Литмир - Электронная Библиотека
A
A

Andrés Juan Gaitán y Antonio Castro del Castillo cambian de posición en sus sillas por el torrente de blasfemias, pero es Juan de Mañozca quien lo interrumpe y ordena que demuestre su formación católica santiguándose y pronunciando las oraciones de la ley de Nuestro Señor Jesucristo.

Francisco enmudece de golpe: ¿qué prueba le están pidiendo? ¿La calidad de su aprendizaje se reduce ahora a un examen para analfabetos? ¿Se burlan? ¿No creen en la veracidad de su relato? De pronto conecta otra idea: quieren enterarse si un judío pleno es capaz de llevar a cabo un rito católico sin repugnancia.

– No perjudica a la ley de Dios que me santigüe ni que pronuncie las oraciones -se persigna, dice las oraciones y recita los diez mandamientos.

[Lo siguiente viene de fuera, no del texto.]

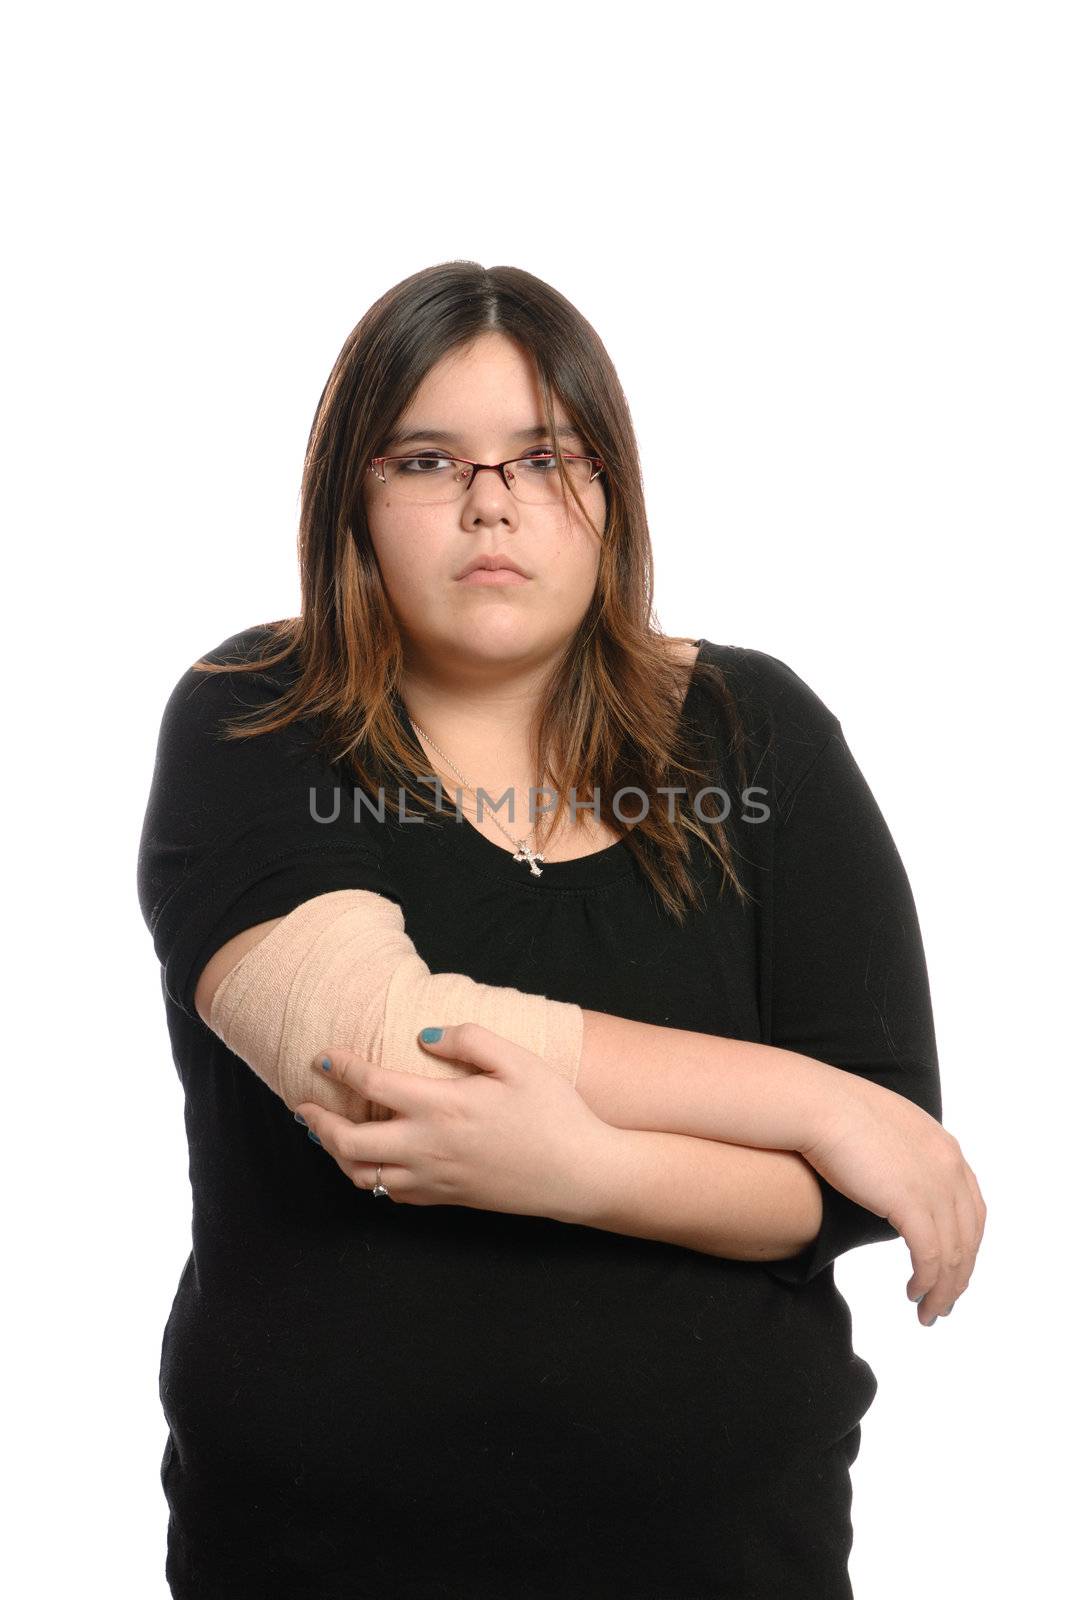 A teenage girl holding her injured elbow with no expression on her face, isolated against a white background.

Los inquisidores miran y escuchan con rostros neutros. El secretario sigue escribiendo velozmente; ya se le quebró la tercera pluma.

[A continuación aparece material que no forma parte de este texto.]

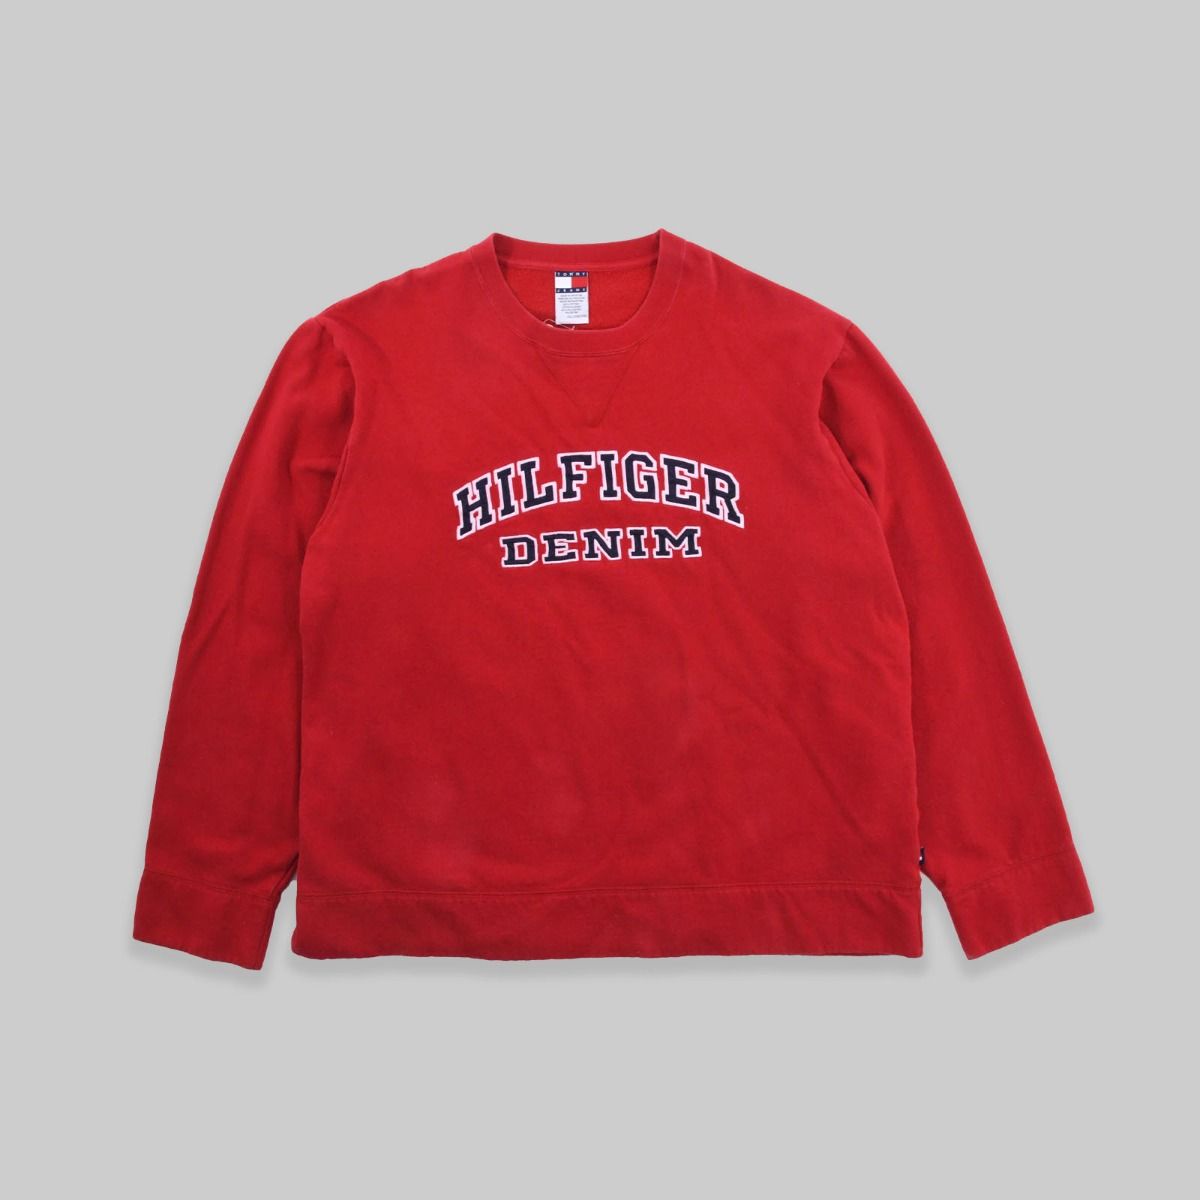 Tommy Hilfiger Sweatshirt (Embroidered spell out design)

– Continúe -ordena Mañozca.

Francisco queda sin conocer el motivo de la prueba elemental, pasa su lengua por los labios y completa la historia de su vida. Se la ofrece generosamente, para quedar igualados: ellos católicos y él judío. Mientras ocultaba su identidad se cercenaba como hombre; ahora que la exhibe, su espalda se endereza: en los intersticios de su cuerpo y su alma ha ingresado una balsámica liviandad. Les relata a los inquisidores que se ha casado con Isabel Otañez, natural de Sevilla, cristiana vieja -enfatiza, para que no insinúen siquiera molestarla-; tiene una hija con ella y está esperando un segundo hijo. Describe el sufrimiento que ha ocasionado esta separación y ruega a los ilustrísimos inquisidores que le hagan llegar noticias y que no confisquen todos sus bienes para que subsista dignamente. Ella es cristiana devota y no tiene por qué sufrir a causa de una fe que ni siquiera conoce.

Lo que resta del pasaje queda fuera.